We also want to make sure that whatever they do has a reasonable chance of success so there will be some proof of concept analysis. That's where we would pull on the expertise of others that perhaps are outside the agency to look at what they're proposing and see if that technology has any reasonableness of being viable. And that's where we can pull on those other resources and then to make sure that we structure whatever deal we do in a way that protects the state's interest so that we're not out any costs if they fail or if their business model ultimately is not viable.

So as we move forward, we'll make sure that we incorporate those types of things into this process, keep you informed as we do that, and assure that the state is providing an opportunity for something very, very positive, but at the same time is protecting our interest in terms of the quality of our rights of way and the financial interest that we might have in it.

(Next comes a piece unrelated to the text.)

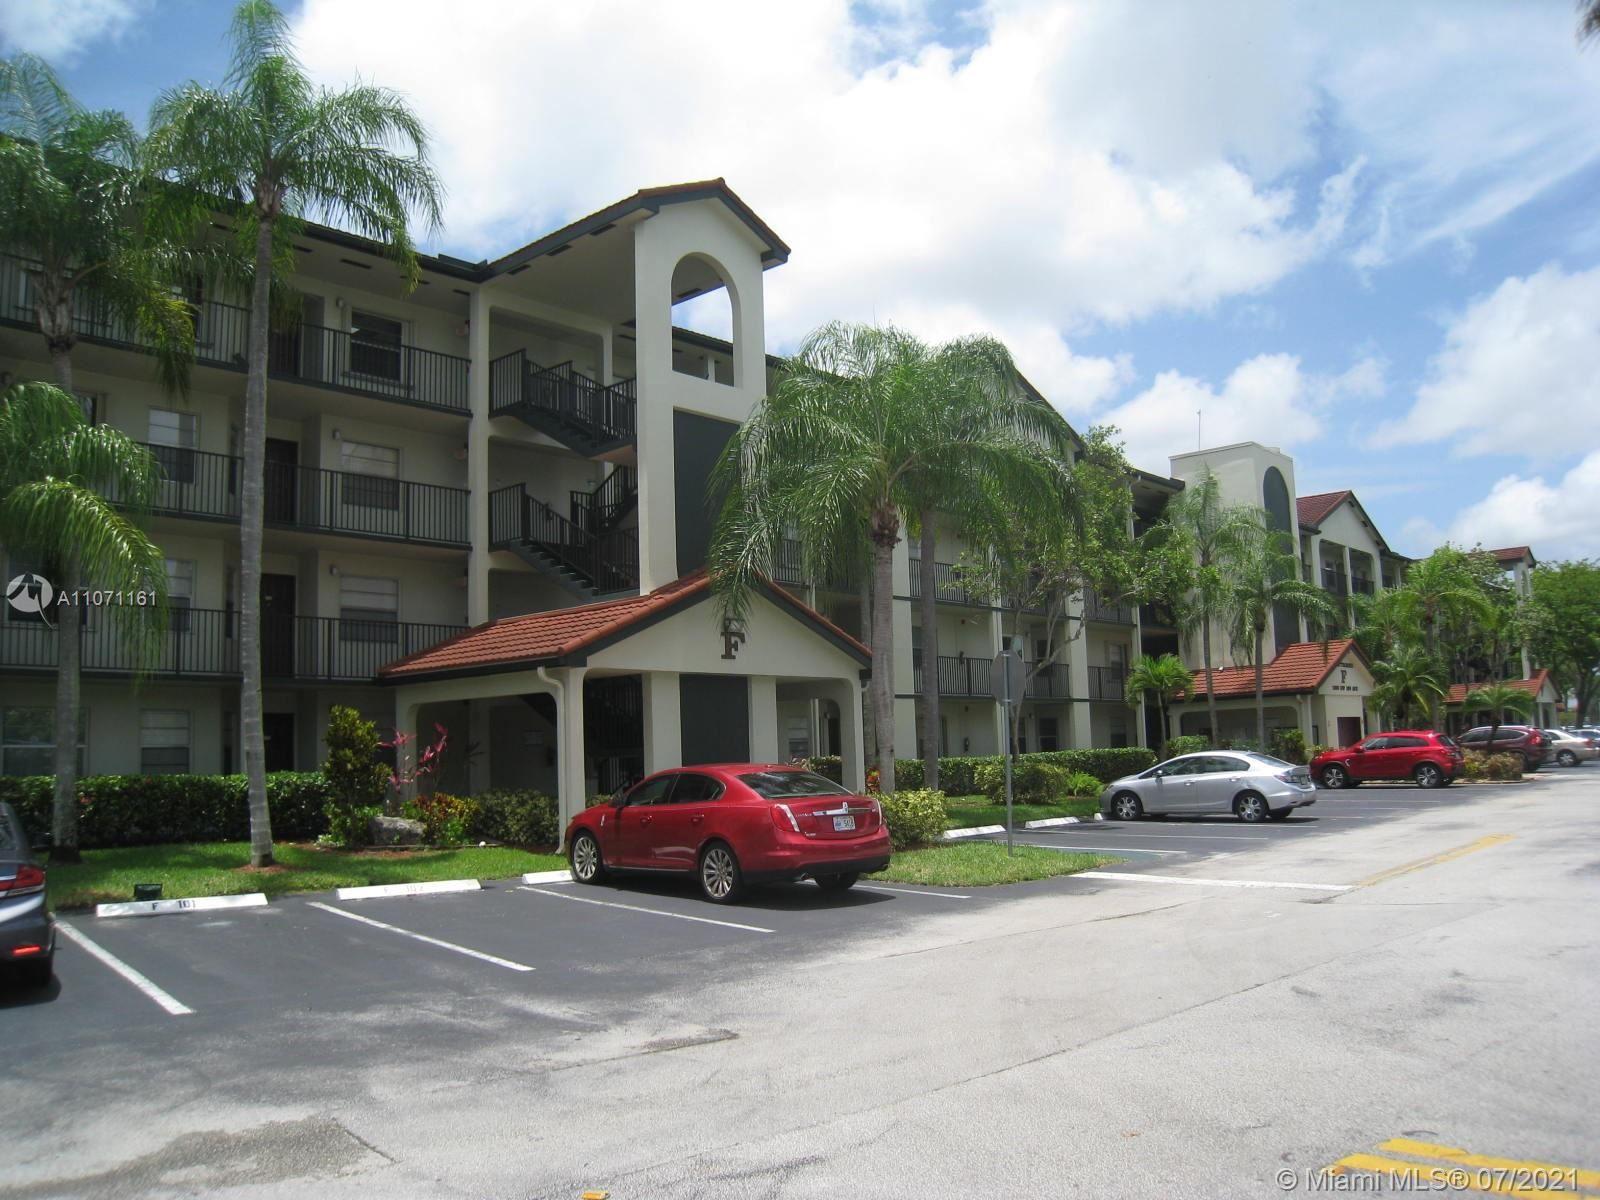 1300 SW 130th Ave #408F, Pembroke Pines, FL 33027 - #: A11071161

MR. TOMLINSON: Thank you very much.

MR. SAENZ: Thank you, Mark.

MS. DELISI: That concludes the posted items on today's agenda. Is there any other business to come before the commission?

MR. SAENZ: No, ma'am.

MS. DELISI: There being none, I will entertain a motion to adjourn.

MR. HOUGHTON: So moved.

MR. HOLMES: Second.

MS. DELISI: All in favor?

(A chorus of ayes.)

MS. DELISI: The motion passes. Please note for the record that it is 2:53 p.m. and this meeting stands adjourned.

(Whereupon, at 2:53 p.m., the meeting was concluded.)


MEETING OF: Texas Transportation Commission Workshop
LOCATION: Austin, Texas
DATE: July 28, 2010
I do hereby certify that the foregoing pages, numbers 1 through 58, inclusive, are the true, accurate, and complete transcript prepared from the verbal recording made by electronic recording by Nancy King before the Texas Transportation Commission.